- Dongfang Modern plans to Australian-ize its China operations
- Company’s market value more than doubled since listing in 2015
Australia’s fastest-growing food company -- whose market value has more than doubled to about A$900 million ($650 million) in the seven months since listing -- grows and sells all its fruit in Southeastern China.
Dongfang Modern Agriculture Holding Group Ltd. was incorporated in Australia last year to hold an existing agricultural business in China’s Jiangxi Province. It now ranks as the biggest citrus grower in China by sales and has almost overtaken Ravenhall, Victoria-based Costa Group Holdings Ltd. as the largest publicly traded horticulture company in Australia.
Its move to go public in Australia, an agricultural giant that ranks among the world’s top five exporters of beef, chick peas, almonds, barley, sugar and wheat, is part of a growing move by Chinese and Hong Kong entities seeking to tap a more mature financial market. The other advantage, Sydney-based Dongfang Modern’s executives say, is adding an Australian seal to the business.
“It should give Chinese consumers a higher level of confidence in our products,” Chairman Hongwei Cai, 29, who owns 80 percent of the company’s shares, said in an interview last week. “China still faces food safety problems.”
Such concerns have fueled imports of food and cosmetics made by companies including Bellamy’s Australia Ltd. and Blackmores Ltd., turning them into proxies for betting on the rising middle class in China. Dongfang Modern plans to use Australian processes to grow more tangerines, oranges, pomelos and camellias. It’s also considering buying Australian businesses.
“Perception is everything,” said Jason Chesters, a Perth-based analyst with Patersons Securities Ltd. “I don’t know if that stamp of approval will be there just yet” because the operating unit has been in business since the last decade, he said.
Chesters, who said he visited Dongfang Modern’s orchards in late April, published his first report on the company on May 16 with a hold rating.
China hasn’t levied an income tax on some agricultural businesses since 2008 in an attempt to increase production and yields. Dongfang Modern derives about 40 percent of its annual profits from government incentives, Chief Financial Officer Edward Yuen said.
“It’s close to impossible” that the policy will be changed, Cai said. China will end up importing food if farmers aren’t given tax handouts, he said.

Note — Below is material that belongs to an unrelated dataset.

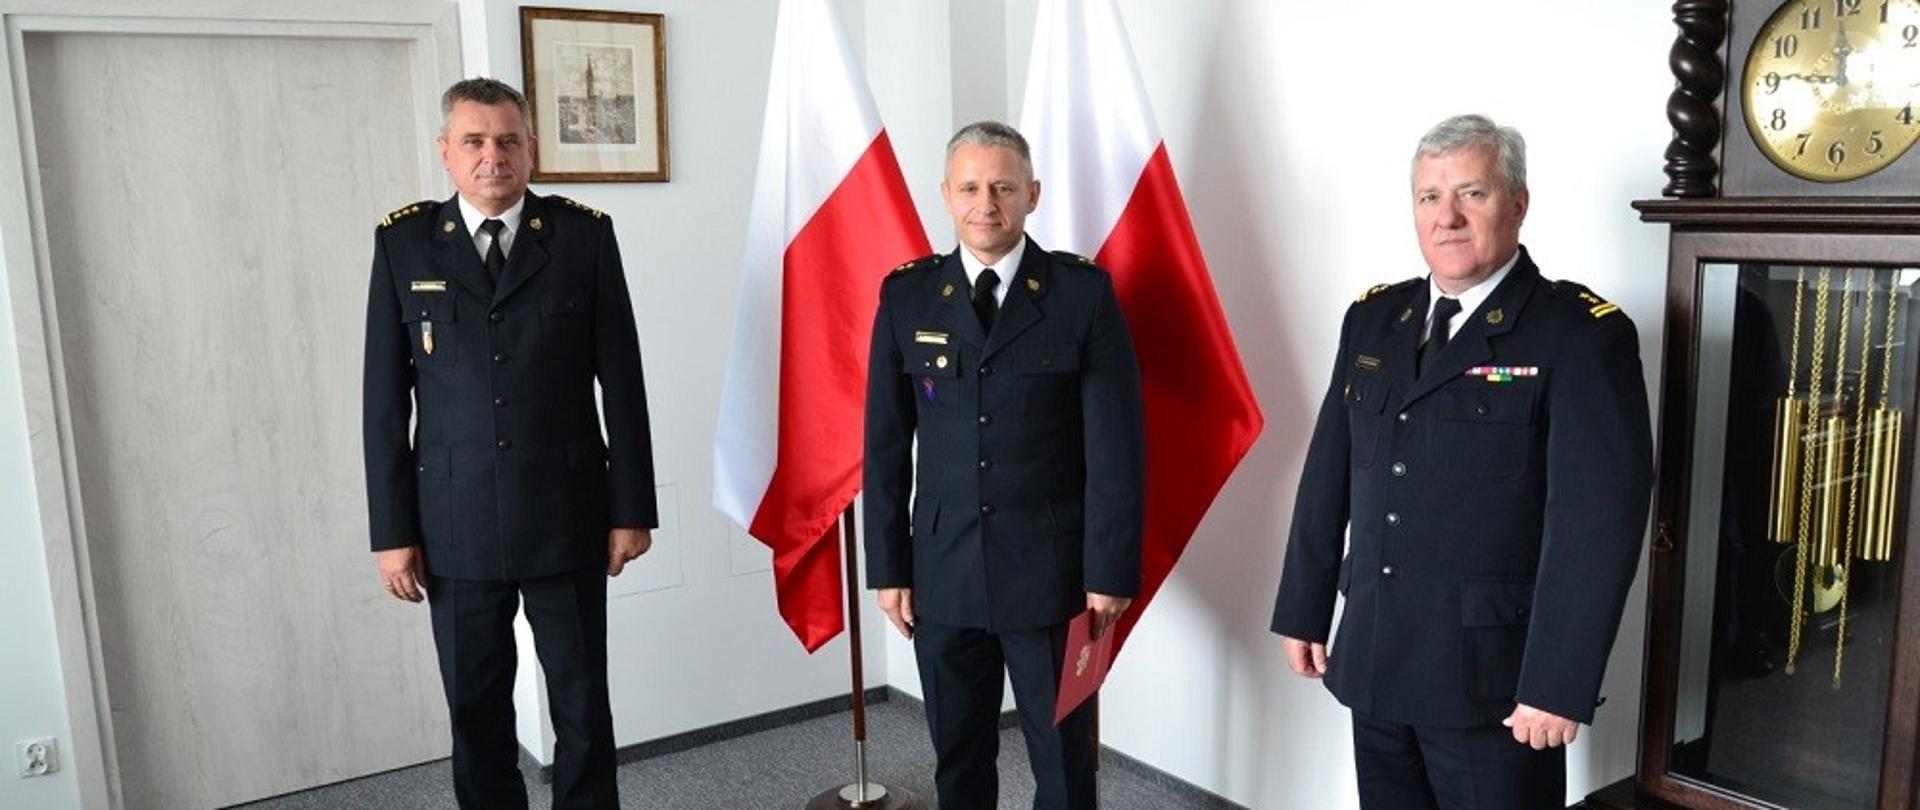 Od lewej Pomorski Komendant Wojewódzki, w środku na tle flag państwowych Hubert Grzesiowski, po prawej Janusz Leszczewski.

The laws have helped Dongfang Modern stay debt free even as it bought plantations, increasing its cultivation area by 15 percent since 2013 to about 8,600 hectares (21,000 acres). Production rose 19 percent to 240,000 metric tons for the year ended March 31, leading to sales of A$199 million. Profit, excluding some items, rose 30 percent to A$90 million.
Those results placed Dongfang Modern ahead of Asian Citrus Holdings Ltd., which recorded 2015 sales of 765.5 million yuan (A$162 million). Demand for fruit will continue to increase as rising disposable incomes in China make consumers more health conscious, Chief Executive Officer Chiu “Charles” So said. That’s why even more plantation purchases are on the cards, he said.
In Australia, Dongfang Modern wants to buy an Australian olive-oil producer, So said. It plans to use the intellectual property acquired to process camellia oil, a popular cooking oil in China.
A camellia oil business wouldn’t be eligible for tax incentives in China, Patersons’ Chesters said. The company would also have to raise money for any Australian purchases by selling more shares, he predicts.
That may attract institutional shareholders to a stock that’s not very liquid because of Cai’s large stake. Australian financial institutions typically are circumspect of investing in companies that have all their operations in China and are controlled by a large, single holder, Chesters said.
“The issue is there’s no research out there,” said Barry Dawes, whose Paradigm Securities led Dongfang Modern’s IPO.
The shares rose 7 percent to A$2.45 today as of 2:07 p.m. Sydney time, the biggest gain in more than a month. Chesters projected the shares will drop to A$2.08 in a year. Investment risks include the company expanding into new businesses and regions as well as “fluid” tax legislation in China that could change rules governing income taxes and dividends paid by the operating unit in China, Chesters said.
This year, six Chinese and Hong Kong companies, including China Dairy Corp., have followed Dongfang’s path to Australia as of April 8, according to ASX Ltd. data, driven partly by a moratorium on IPOs in China last year.
“I’m seeing a range of them,” Paradigm’s Dawes said. He said he’s working with Living Cities Development Group Ltd., which is listed on the ASX and is planning to build a mall in Sichuan province.
“It’s still difficult to list in Shanghai, in Shenzhen,” Sydney-based Dawes said. “Here there’s greater transparency.”